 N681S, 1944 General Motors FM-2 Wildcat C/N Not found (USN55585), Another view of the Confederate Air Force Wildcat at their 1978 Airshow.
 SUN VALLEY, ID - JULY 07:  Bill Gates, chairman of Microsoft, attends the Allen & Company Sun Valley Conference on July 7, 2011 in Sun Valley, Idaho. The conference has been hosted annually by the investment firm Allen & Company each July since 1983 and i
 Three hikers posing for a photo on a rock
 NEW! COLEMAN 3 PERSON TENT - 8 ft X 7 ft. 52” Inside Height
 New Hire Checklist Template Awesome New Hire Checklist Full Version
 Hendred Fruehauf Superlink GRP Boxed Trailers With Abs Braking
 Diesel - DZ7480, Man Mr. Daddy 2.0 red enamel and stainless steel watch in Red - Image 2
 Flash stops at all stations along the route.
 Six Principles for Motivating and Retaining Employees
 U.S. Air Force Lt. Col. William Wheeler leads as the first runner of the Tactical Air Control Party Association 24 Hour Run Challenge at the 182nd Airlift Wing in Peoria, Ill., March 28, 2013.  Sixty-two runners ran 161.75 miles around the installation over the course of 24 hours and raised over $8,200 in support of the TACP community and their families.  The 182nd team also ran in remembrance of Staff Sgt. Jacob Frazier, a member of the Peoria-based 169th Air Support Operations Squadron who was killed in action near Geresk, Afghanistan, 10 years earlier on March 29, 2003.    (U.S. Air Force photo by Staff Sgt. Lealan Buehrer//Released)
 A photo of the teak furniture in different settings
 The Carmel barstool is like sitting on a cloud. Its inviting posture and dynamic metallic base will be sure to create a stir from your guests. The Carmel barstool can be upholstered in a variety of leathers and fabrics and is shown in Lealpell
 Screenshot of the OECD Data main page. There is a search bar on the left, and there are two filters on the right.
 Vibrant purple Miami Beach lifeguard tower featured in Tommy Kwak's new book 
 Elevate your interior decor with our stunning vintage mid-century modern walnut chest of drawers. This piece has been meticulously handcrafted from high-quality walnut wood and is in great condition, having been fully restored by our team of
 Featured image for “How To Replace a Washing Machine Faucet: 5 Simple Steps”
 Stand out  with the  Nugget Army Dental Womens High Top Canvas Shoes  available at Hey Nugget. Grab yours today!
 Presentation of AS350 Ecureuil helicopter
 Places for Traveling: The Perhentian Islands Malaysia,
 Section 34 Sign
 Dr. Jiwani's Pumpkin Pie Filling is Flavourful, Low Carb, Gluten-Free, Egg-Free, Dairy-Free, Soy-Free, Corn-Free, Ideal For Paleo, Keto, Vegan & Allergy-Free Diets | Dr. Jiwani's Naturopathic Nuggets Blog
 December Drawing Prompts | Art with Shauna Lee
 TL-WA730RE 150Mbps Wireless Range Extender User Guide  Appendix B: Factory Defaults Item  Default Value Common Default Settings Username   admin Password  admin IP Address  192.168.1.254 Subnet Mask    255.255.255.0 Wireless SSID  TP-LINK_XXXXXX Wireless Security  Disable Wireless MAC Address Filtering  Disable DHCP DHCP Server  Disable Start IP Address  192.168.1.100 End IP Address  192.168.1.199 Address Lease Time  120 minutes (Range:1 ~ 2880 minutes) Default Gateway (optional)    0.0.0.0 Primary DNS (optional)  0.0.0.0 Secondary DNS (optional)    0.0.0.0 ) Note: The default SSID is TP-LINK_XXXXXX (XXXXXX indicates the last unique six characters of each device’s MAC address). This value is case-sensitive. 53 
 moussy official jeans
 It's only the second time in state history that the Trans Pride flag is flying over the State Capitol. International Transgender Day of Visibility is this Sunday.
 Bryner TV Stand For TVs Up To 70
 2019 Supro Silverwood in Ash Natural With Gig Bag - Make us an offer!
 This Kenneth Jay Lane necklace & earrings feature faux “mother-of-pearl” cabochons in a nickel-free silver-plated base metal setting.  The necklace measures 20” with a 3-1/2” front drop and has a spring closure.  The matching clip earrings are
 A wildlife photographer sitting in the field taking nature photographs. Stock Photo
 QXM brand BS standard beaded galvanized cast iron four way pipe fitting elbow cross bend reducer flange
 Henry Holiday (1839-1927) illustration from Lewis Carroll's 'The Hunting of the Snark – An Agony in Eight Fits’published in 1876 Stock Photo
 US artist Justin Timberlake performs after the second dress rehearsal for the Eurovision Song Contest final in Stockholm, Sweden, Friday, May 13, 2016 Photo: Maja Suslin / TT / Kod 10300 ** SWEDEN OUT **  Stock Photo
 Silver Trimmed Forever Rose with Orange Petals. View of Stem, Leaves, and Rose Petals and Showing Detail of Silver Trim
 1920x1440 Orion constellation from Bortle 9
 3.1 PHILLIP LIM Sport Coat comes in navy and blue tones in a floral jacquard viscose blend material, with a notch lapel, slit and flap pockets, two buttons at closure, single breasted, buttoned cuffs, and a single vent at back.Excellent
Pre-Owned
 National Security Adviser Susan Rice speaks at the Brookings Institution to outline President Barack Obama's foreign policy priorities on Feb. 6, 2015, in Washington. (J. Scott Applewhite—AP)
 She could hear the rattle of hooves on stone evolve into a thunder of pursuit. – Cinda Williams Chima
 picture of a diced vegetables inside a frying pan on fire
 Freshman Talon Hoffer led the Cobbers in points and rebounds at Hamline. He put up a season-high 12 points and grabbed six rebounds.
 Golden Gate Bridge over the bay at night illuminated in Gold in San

[Problem to work on] In exact wording, restate the lines of the data above from the first through the one holding "NEW! COLEMAN 3", and stop after that line.

[Response to the task]
 N681S, 1944 General Motors FM-2 Wildcat C/N Not found (USN55585), Another view of the Confederate Air Force Wildcat at their 1978 Airshow.
 SUN VALLEY, ID - JULY 07:  Bill Gates, chairman of Microsoft, attends the Allen & Company Sun Valley Conference on July 7, 2011 in Sun Valley, Idaho. The conference has been hosted annually by the investment firm Allen & Company each July since 1983 and i
 Three hikers posing for a photo on a rock
 NEW! COLEMAN 3 PERSON TENT - 8 ft X 7 ft. 52” Inside Height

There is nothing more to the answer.